Originally created by @mhils on GitHub (Jul 2, 2024).
Original GitHub issue: https://github.com/hickory-dns/hickory-dns/issues/2273

Describe the bug

When hickory-resolver is configured with more than two nameservers and one of the first two is not reachable, DNS resolution takes five seconds for NXDOMAIN responses.

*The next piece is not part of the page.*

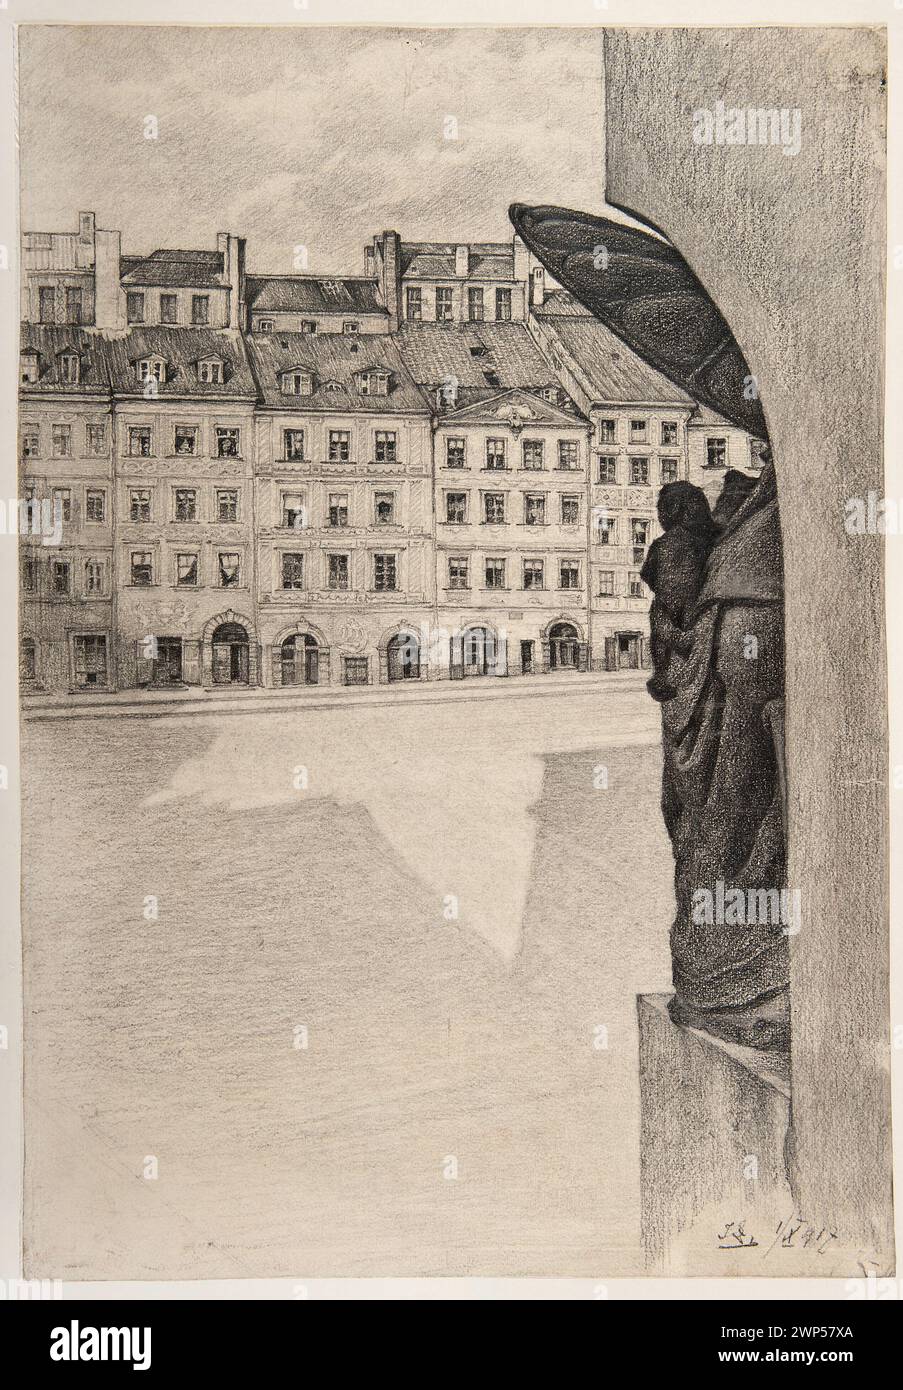 Study for graphics 'Old market from the tenement house XX. Mazowieckie '; Care, Ignacy (1865-1941); 1917 (1917-00-00-1917-00-00);Young Poland (Styl), Old Town Square (Warsaw), Warsaw (Masovian Voivodeship), Kamienica under St. Anna (Warsaw), Kamienice, unknown (provenance), Poland (culture), Polish drawings, sculptures, graphics studies Stock Photo

Edit: see https://github.com/hickory-dns/hickory-dns/issues/2273#issuecomment-2205877684

To Reproduce

#!/usr/bin/env cargo +nightly -Zscript
---
[dependencies]
hickory-resolver = { git = "https://github.com/hickory-dns/hickory-dns.git" }
---


use std::net::*;
use std::str::FromStr;
use hickory_resolver::Resolver;
use hickory_resolver::config::*;

fn main() {
    dbg!(hickory_resolver::version());
    let mut config = ResolverConfig::new();
    config.add_name_server(NameServerConfig::new(SocketAddr::from_str("1.1.1.1:53").unwrap(), Protocol::Udp));
    config.add_name_server(NameServerConfig::new(SocketAddr::from_str("8.8.8.8:54").unwrap(), Protocol::Udp));  // invalid port
    config.add_name_server(NameServerConfig::new(SocketAddr::from_str("9.9.9.9:55").unwrap(), Protocol::Udp));  // invalid port
    
    let resolver = Resolver::new(config, ResolverOpts::default()).unwrap();

    let start = std::time::Instant::now();
    dbg!(resolver.lookup_ip("nxdomain.example.com").unwrap_err());
    let stop = std::time::Instant::now();
    dbg!(stop - start);
}

Output:

> ./repro.rs
[/Users/mhils/.cargo/target/a4/4553f572871dfe/repro.rs:14:5] hickory_resolver::version() = "0.25.0-alpha.1"
[/Users/mhils/.cargo/target/a4/4553f572871dfe/repro.rs:23:5] resolver.lookup_ip("nxdomain.example.com").unwrap_err() = ResolveError {
    kind: Proto(
        ProtoError {
            kind: NoRecordsFound { ... },
    ),
}
[/Users/mhils/.cargo/target/a4/4553f572871dfe/repro.rs:25:5] stop - start = 5.019177416s

Removing the third nameserver reduces the resolution time to normal levels (13ms on my system).

Expected behavior
Faster resolution. :)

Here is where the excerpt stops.